UN Special N° 654 Septembre · September 2006 

Les chevaliers du millénaire

Les phénomènes d’interférences

Jean Michel Jakobowicz, ONUG

Le lendemain matin au petit déjeuner, toute la famille est réunie autour de la table de la cuisine. C’est le seul moment de la journée où tout le monde est là, car bien souvent le soir, soit Esther la mère travaille tard, soit Nari le père assiste à une réunion. Le petit déjeuner est toujours copieux car comme le dit Esther:

— Le matin il faut manger comme un empereur, à midi comme un roi et le soir comme un mendiant!

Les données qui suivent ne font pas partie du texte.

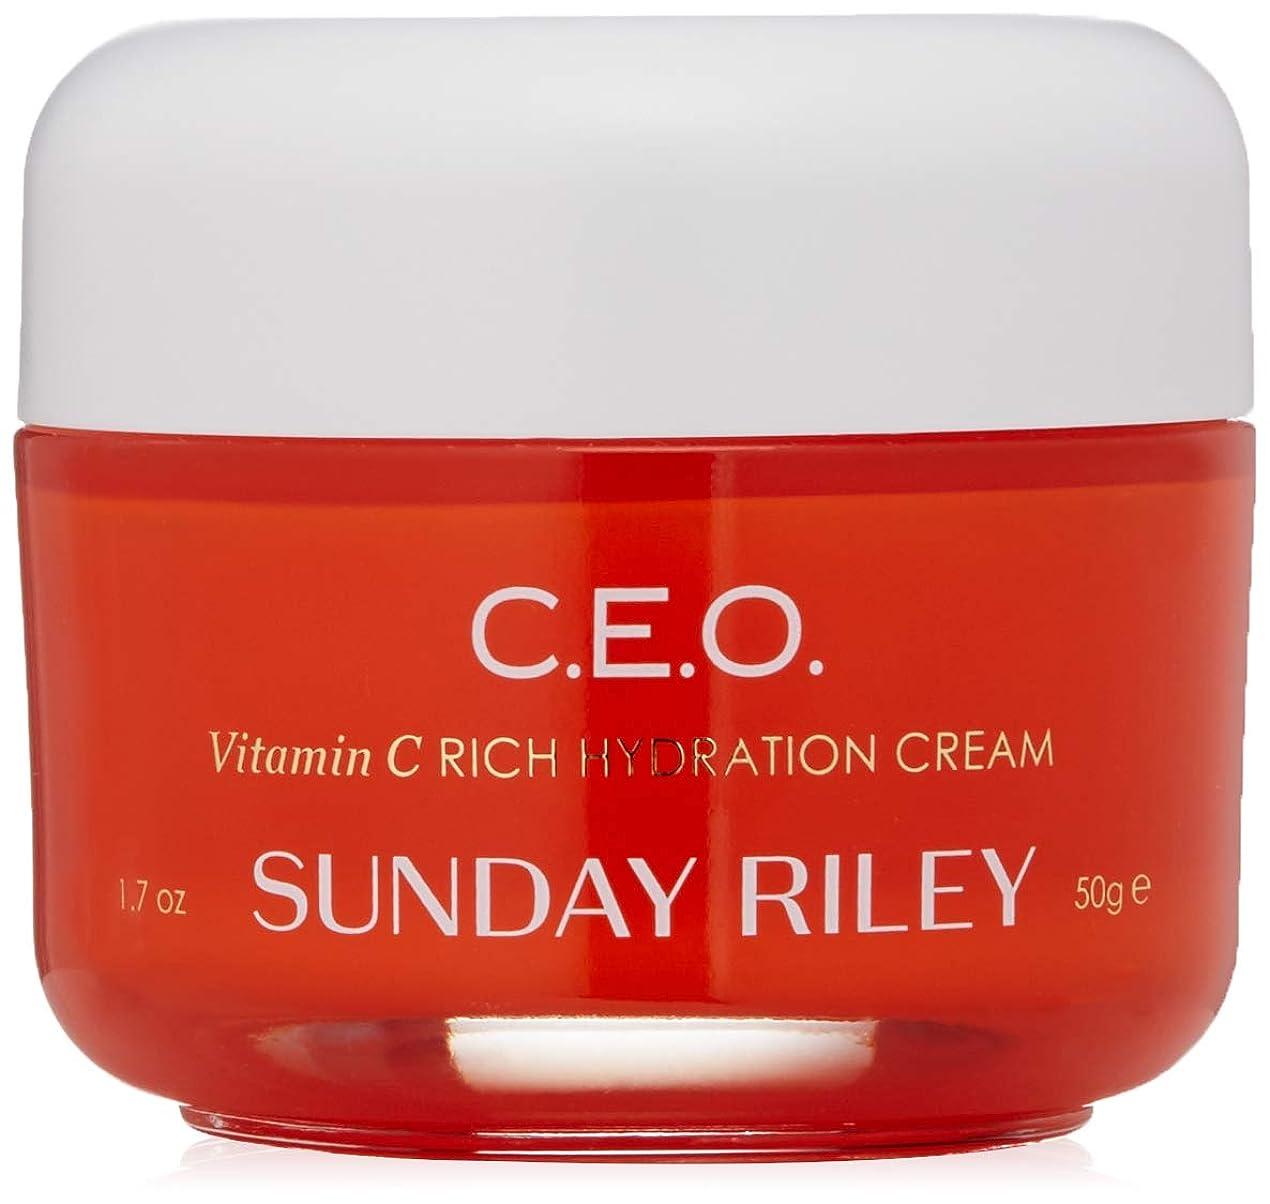 調整する裁量楕円形Sunday Riley C.e.o. Vitamin C Rich Hydration Cream, 50g /1.7 Oz サンデーライリー プロテクト&リペアクリーム

C’est au moment où Nari entame son quatrième toast que Kaïnda demande à Esther:

— Dis, Maman, en fait la machine que tu as fabriquée, elle marche bien?
— Oui, répond la mère elle marche très bien. Mais elle est encore totalement expérimentale!
— Et dans combien de temps les hommes pourront-ils l’utiliser? Demande Leïla.
— Pas avant quelques années, il y a encore beaucoup trop de problèmes en particulier il y a fréquemment des phénomènes d’interférences!
— Et c’est quoi, les phénomènes d’interférences? Demande Paulo.
— Il arrive parfois que lors du transfert, certaines particules se mélangent à d’autres! Enfin vous voyez ce que je veux dire…
— Non, pas exactement, dit Shibao, est-ce que tu veux dire que les particules se mélangent et lorsqu’elles se recomposent leur structure est différente?
— Exactement, lui répond Esther, les particules se mélangent et forment de nouvelles structures. Pour vous donner un exemple concret, on pourrait très bien imaginer qu’on envoie un animal d’un point à un autre et qu’il arrive à destination incomplet!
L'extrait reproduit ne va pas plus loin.